3. Build Redundancy in Accreditation
Right now, ANAB, a privately owned company, dominates the forensic accreditation market. Gestring suggests encouraging other accreditation vendors to enter the market.
He also points to the National Voluntary Laboratory Accreditation Program, an accreditation vendor run out of the National Institute of Science & Technology. NIST is an agency of the federal government and NVLAP could easily add a forensic accreditation program. This would add some redundancy, but also stability because the government has an obligation to provide these services while a private company will only do it for as long as it is profitable.

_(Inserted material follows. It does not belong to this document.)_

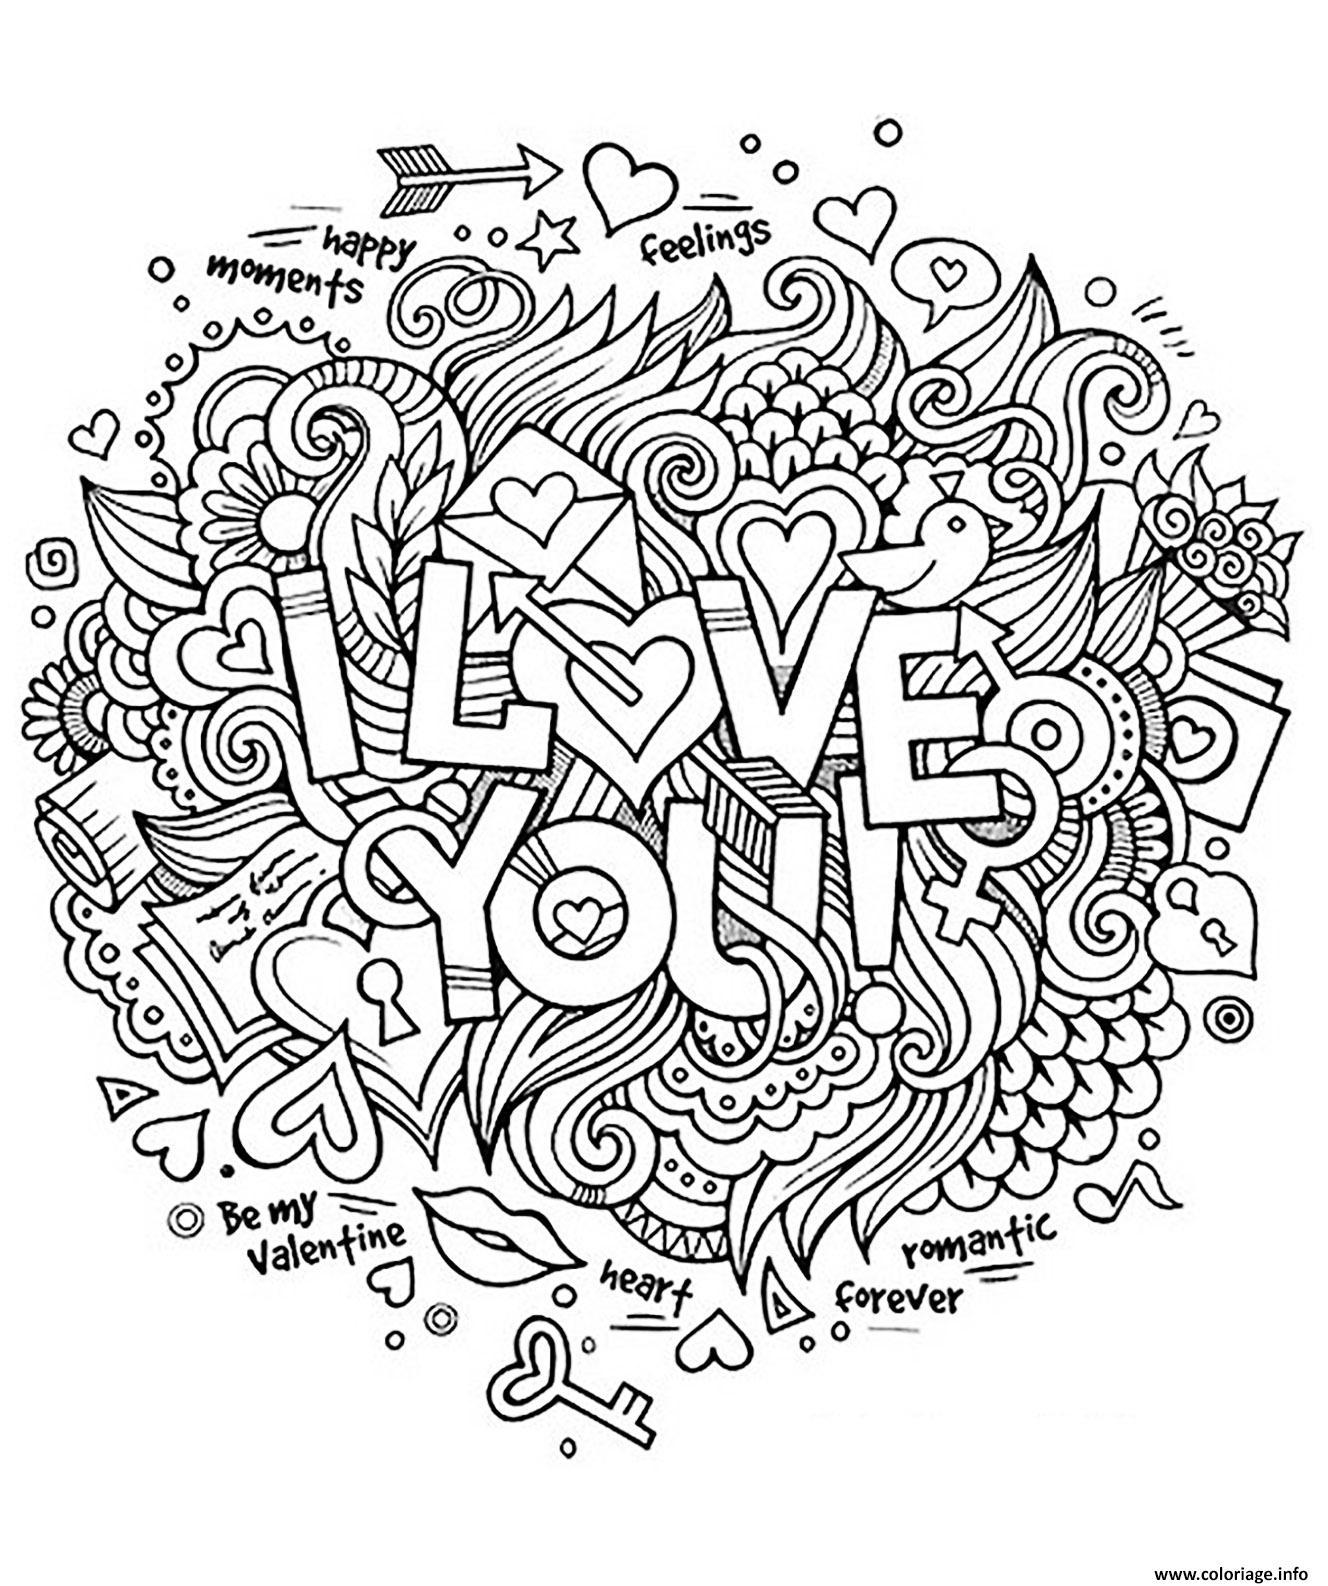 Dessin adulte coeur amour I love you romantique Coloriage Gratuit à Imprimer

4. Federal Support Without Heavy Regulation
Gestring is not looking for federal regulation of forensic labs. The recent reevaluation of a long-standing legal precedent by the US supreme court essentially closed this door. But Gestring believes that the federal government should have a role in supporting forensic providers. Through supporting the expansion of NVLAP, targeted grant funding opportunities, and better data collection by the Bureau of Justice Statistics, the federal government can work with state and local authorities to increase both the quality of the work forensic providers do and the resilience of the system that they work within.
Why This Matters
Forensic evidence is supposed to round the sharp edges of the criminal justice system. It can tell a story when there are no witnesses that had seen what had happened. It doesn’t get emotional, and it can’t lie.

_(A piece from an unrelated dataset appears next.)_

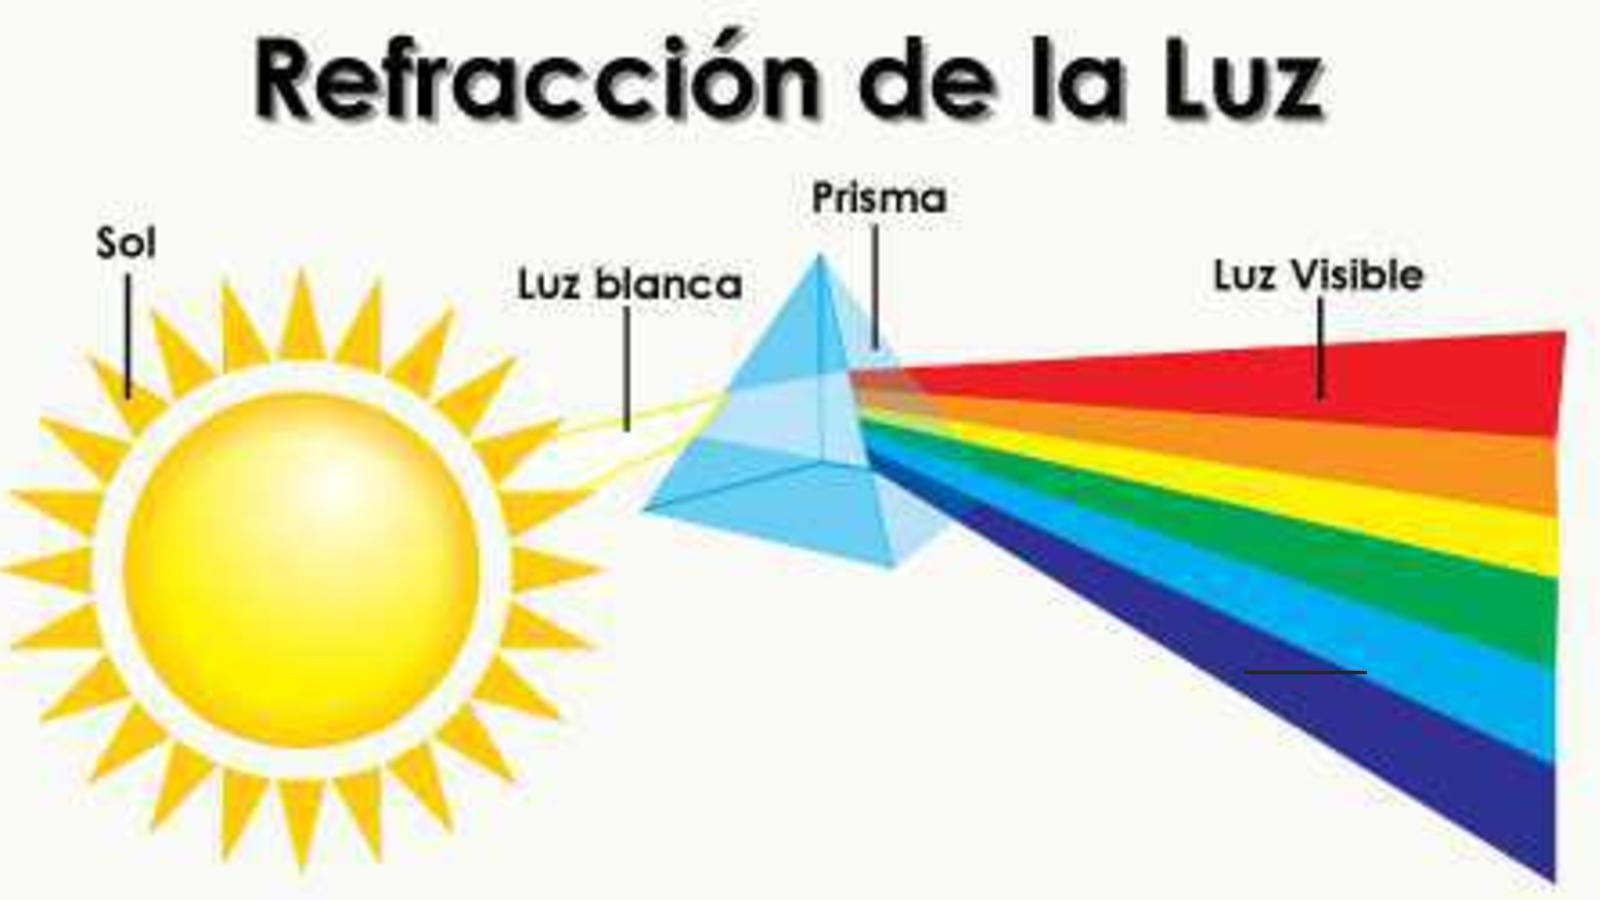 Calameo Fisica Refraccion De La Luz

The first time DNA evidence was used in a criminal case; it exonerated someone before it drew authorities attention to the true perpetrator.
When it is weak, inconsistent or unreliable, it undermines trust, produces errors, and ruins lives.
Gestring’s career has been about building reliability into the system, from reducing lab backlogs to pioneering standards for DNA testing and lab reports.
And now, he is sounding the alarm.
The invisible crisis may not grab headlines like a high-profile trial, but it is just as important. The very foundation of justice depends on it.
Key Takeaway
Brian Gestring’s message is simple but urgent. Forensic science must take responsibility for its own quality.
The field has reformed itself before. In the 1970s, Duayne Dillon’s critique of the FBI lab sparked the creation of ASCLD and ASCLD LAB, which reshaped standards for decades.
The same spirit of self-correction is needed now.
If forensic providers do not address the invisible crisis, the cracks in the system will only widen and public trust may not survive the fallout.

Final Thought
Brian Gestring has spent his career at the crossroads of science, justice, and policy. He has been on the ground at crime scenes, in the lab overseeing DNA programs, in the classroom shaping new scientists, and in boardrooms pushing for reform.
His conclusion is clear.
The responsibility lies with the forensic community itself. Accreditation must mean more. Oversight must be real. Standards must rise.
And while the public may never see this invisible crisis, they will feel its consequences unless the field takes action now.